Estafa millonaria en Urbaser

20/03/2011

El Juzgado número 3 de Arrecife ha admitido una querella de la empresa Urbaser contra el exgerente de la empresa, Jacinto Álvarez, y su familia por supuestos delitos de apropiación indebida y estafa millonaria. Acusan al exdirectivo, que denunció sobornos en el caso Unión, de falsificar facturas entre 2003 y 2010.

Los hechos detallados en la querella de la empresa de limpieza y cuidado de parques y jardines están siendo investigados desde hace varios meses por el Juzgado de Primera Instancia número 3, que preside el magistrado Jerónimo Alonso.
La denuncia se dirige contra el exgerente de la empresa en Lanzarote, Jacinto Álvarez, que se hizo famoso el pasado mayo de 2010 cuando fue detenido en Arrecife en el marco de la llamada operación Jable, del caso Unión, que instruye el Juzgado número 5 de Arrecife, para desentrañar una macrotrama corrupta. En entonces, Álvarez se destacó por acusar de supuestos sobornos, entre otros a la ex alcaldesa de Arrecife.
La denuncia de Urbaser se dirige, según fuentes consultadas, también contra la mujer, el hijo y la hija de Álvarez, y contra el representante de una famosa gasolinera del centro de Arrecife, como supuestos responsables de una trama de facturas falsas creada durante años y que habrían supuesto un quebranto millonario a la denunciante, para lo cual se aporta una auditoría de cuentas que refleja supuestos enriquecimientos ilícitos continuados entre 2003 y 2010.
Entre los delitos que se les imputan figuran los de apropiación indebida, estafa, falsedad en documento mercantil y simulación contractual, sin perjuicio de otros que puedan ir surgiendo a lo largo de la investigación.
En los hechos que se relatan en la denuncia se acusa al exgerente de montar supuestamente una auténtica trama de facturas falsas y compras inexistente a cargo de la empresa para su enriquecimiento personal y de su familia. Una trama de vínculos y relaciones comerciales con innumerables empresas e instituciones de la isla y que habría supuesto un quebranto cercano al millón de euros, según fuentes cercanas al caso.
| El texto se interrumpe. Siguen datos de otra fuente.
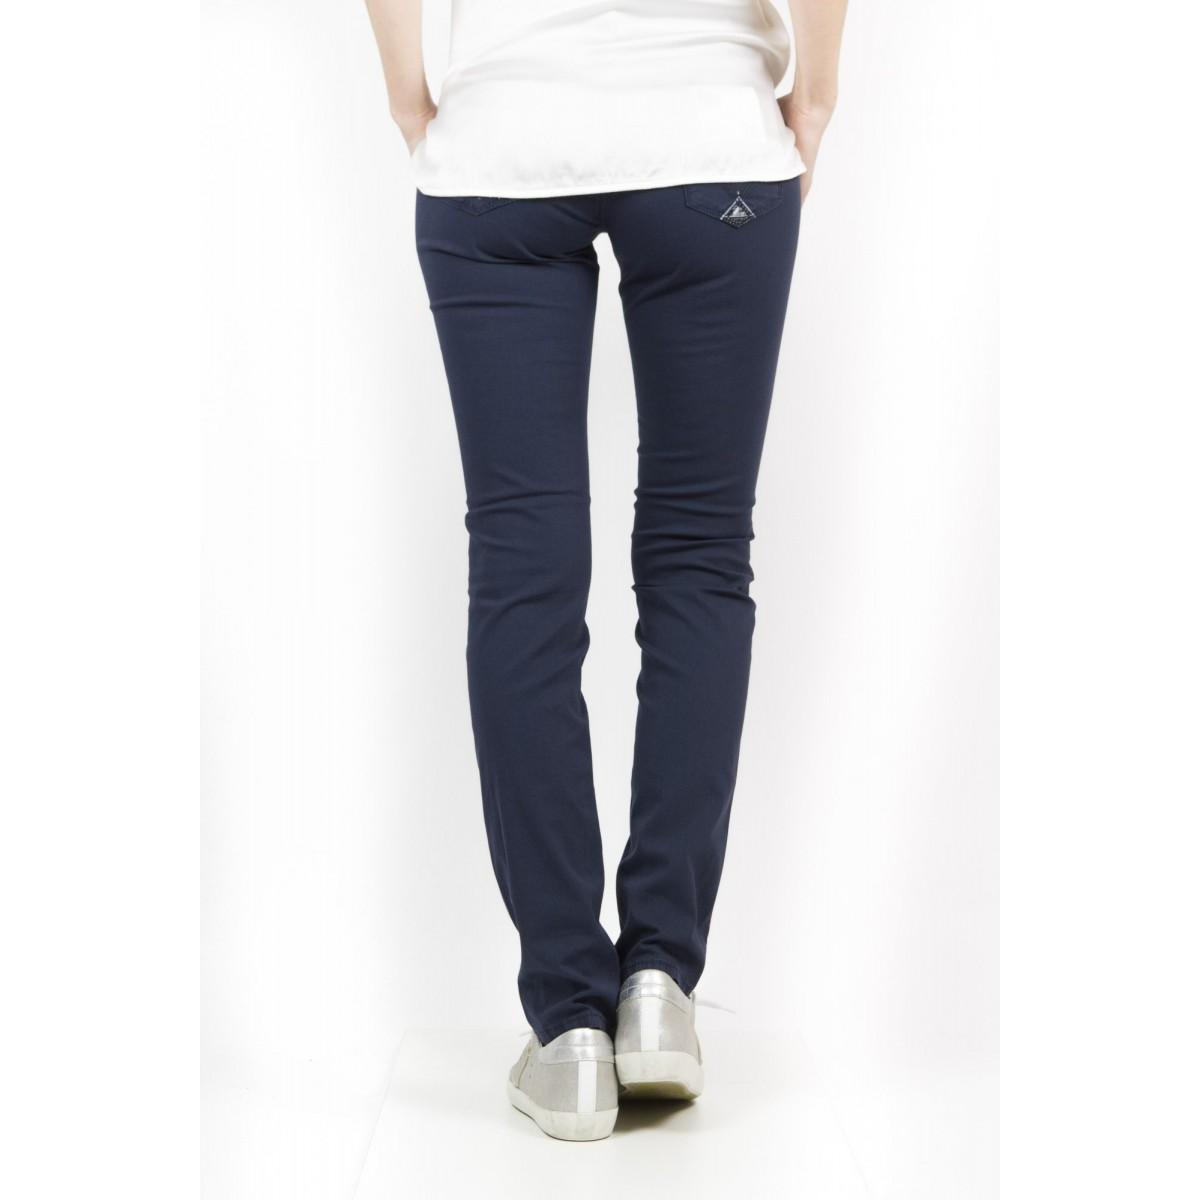 Pantalone donna Roy rogers - Cate gabardina summer strech 001 - blu

Auditoría y testimonios. La denuncia se acompaña de una auditoría de cuentas y testimonios de los trabajadores que revela millonarias facturas falsas en compras inexistentes de material, gasolina, servicios e incluso obras que Álvarez hizo en sus viviendas a cuenta de la empresa, con personal y maquinaria de esta, así como varios contratos a familiares. En la auditoría figuran negocios de miles de euros con varias corporaciones, proveedores y medios de comunicación.